Considérant ce qui suit :

1. Mme A demande au juge des référés d'enjoindre à la préfecture des Alpes-Maritimes, sur le fondement des dispositions de l'article L. 521-2 du code de justice administrative, d'enregistrer sa demande d'asile en procédure normale.

2. L'article L. 521-2 du code de justice administrative prévoit que : " Saisi d'une demande en ce sens justifiée par l'urgence, le juge des référés peut ordonner toutes mesures nécessaires à la sauvegarde d'une liberté fondamentale à laquelle une personne morale de droit public ou un organisme de droit privé chargé de la gestion d'un service public aurait porté, dans l'exercice d'un de ses pouvoirs, une atteinte grave et manifestement illégale. Le juge des référés se prononce dans un délai de quarante-huit heures. ". Et en vertu de l'article L. 522-3 du même code, le juge des référés peut rejeter une requête par une ordonnance motivée, sans instruction contradictoire ni audience publique, lorsqu'il apparaît manifeste, au vu de la demande, que celle-ci ne relève pas de la compétence de la juridiction administrative, qu'elle est irrecevable ou qu'elle est mal fondée.

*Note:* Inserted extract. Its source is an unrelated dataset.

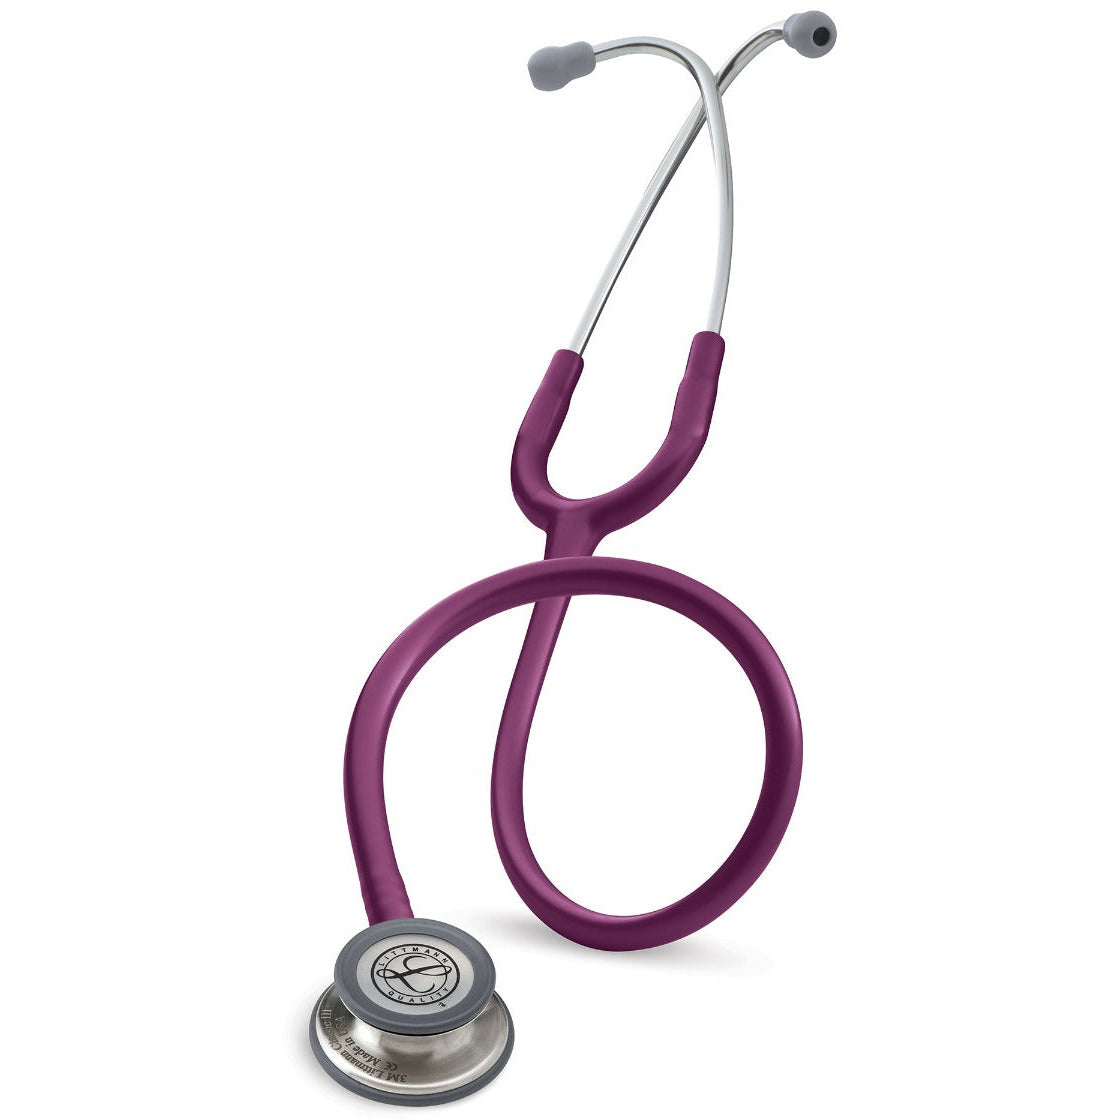 Advanced Nurses Kit Purple - Littmann Classic III Stethoscope Purple 5831, Sphyg, Thermometer, Scissors and More!

3. A la différence d'une demande de suspension présentée sur le fondement de l'article L. 521-1 du code de justice administrative, à laquelle il peut être satisfait s'il est justifié d'une situation d'urgence et de l'existence d'un doute sérieux quant à la légalité de la décision contestée, une demande présentée au titre de la procédure particulière de l'article L. 521-2 du même code implique, pour qu'il y soit fait droit, qu'il soit justifié d'une situation d'urgence particulière rendant nécessaire l'intervention d'une mesure de sauvegarde dans les quarante-huit heures.

4. Il résulte de l'instruction que Mme A, ressortissante guinéenne, est entrée en France afin de solliciter l'asile. Sa demande a été enregistrée le 4 novembre 2021. Une procédure de réadmission vers un autre Etat européen prévue par le règlement " Dublin " a été mise en œuvre le 11 février 2022. Son transfert n'ayant pas été effectué, elle a sollicité le 23 septembre 2022 la requalification de sa demande d'asile en procédure normale auprès des préfectures du Var et des Bouches-du-Rhône puis le 12 décembre 2022 auprès de la préfecture des Alpes-Maritimes. Par décision du 6 janvier 2023, le préfet des Alpes-Maritimes a estimé qu'elle n'était pas éligible à une requalification de sa demande avant le 11 juillet 2023.

5. Pour justifier l'urgence et la nécessité de bénéficier à très bref délai d'une mesure de la nature de celles qui peuvent être ordonnées sur le fondement de l'article L. 521-2 du code de justice administrative, la requérante soutient qu'elle n'est plus en possession d'un titre de séjour valide depuis le 10 juin 2022 et s'est vu ainsi suspendre le bénéfice des conditions matérielles d'accueil, qu'elle présente une situation de vulnérabilité particulière en raison de sa situation de femme isolée sans ressource financière. Il ressort des propres déclarations de la requérante dans le courrier adressé en décembre 2022 à la préfecture des Alpes-Maritimes qu'elle est domiciliée à Nice grâce à l'aide d'une association. L'ensemble des circonstances invoquées par la requérante n'est pas suffisant pour caractériser l'existence d'une situation d'urgence particulière justifiant l'intervention du juge des référés dans le très bref délai prévu par les dispositions de l'article L. 521-2 du code de justice administrative.

6. Il résulte de ce qui précède, sans qu'il soit besoin de se prononcer sur l'existence d'une atteinte grave et manifestement illégale à une liberté fondamentale, que la requête de Mme A doit être rejetée selon la procédure prévue à l'article L. 522-3 du code de justice administrative, y compris ses conclusions relatives aux frais de l'instance, sans qu'il y ait lieu d'admettre l'intéressée au bénéfice de l'aide juridictionnelle provisoire.

ORDONNE :

Article 1er : Mme A n'est pas admise à l'aide juridictionnelle provisoire.

Article 2 : La requête de Mme A est rejetée.

Article 3 : La présente ordonnance sera notifiée à Mme C A.

Fait à Nice le 16 janvier 2023.

La juge des référés

signé

V. B

La République mande et ordonne au ministre de l'intérieur et des outre-mer, en ce qui le concerne, ou à tous commissaires de justice à ce requis en ce qui concerne les voies de droit commun, contre les parties privées, de pourvoir à l'exécution de la présente décision.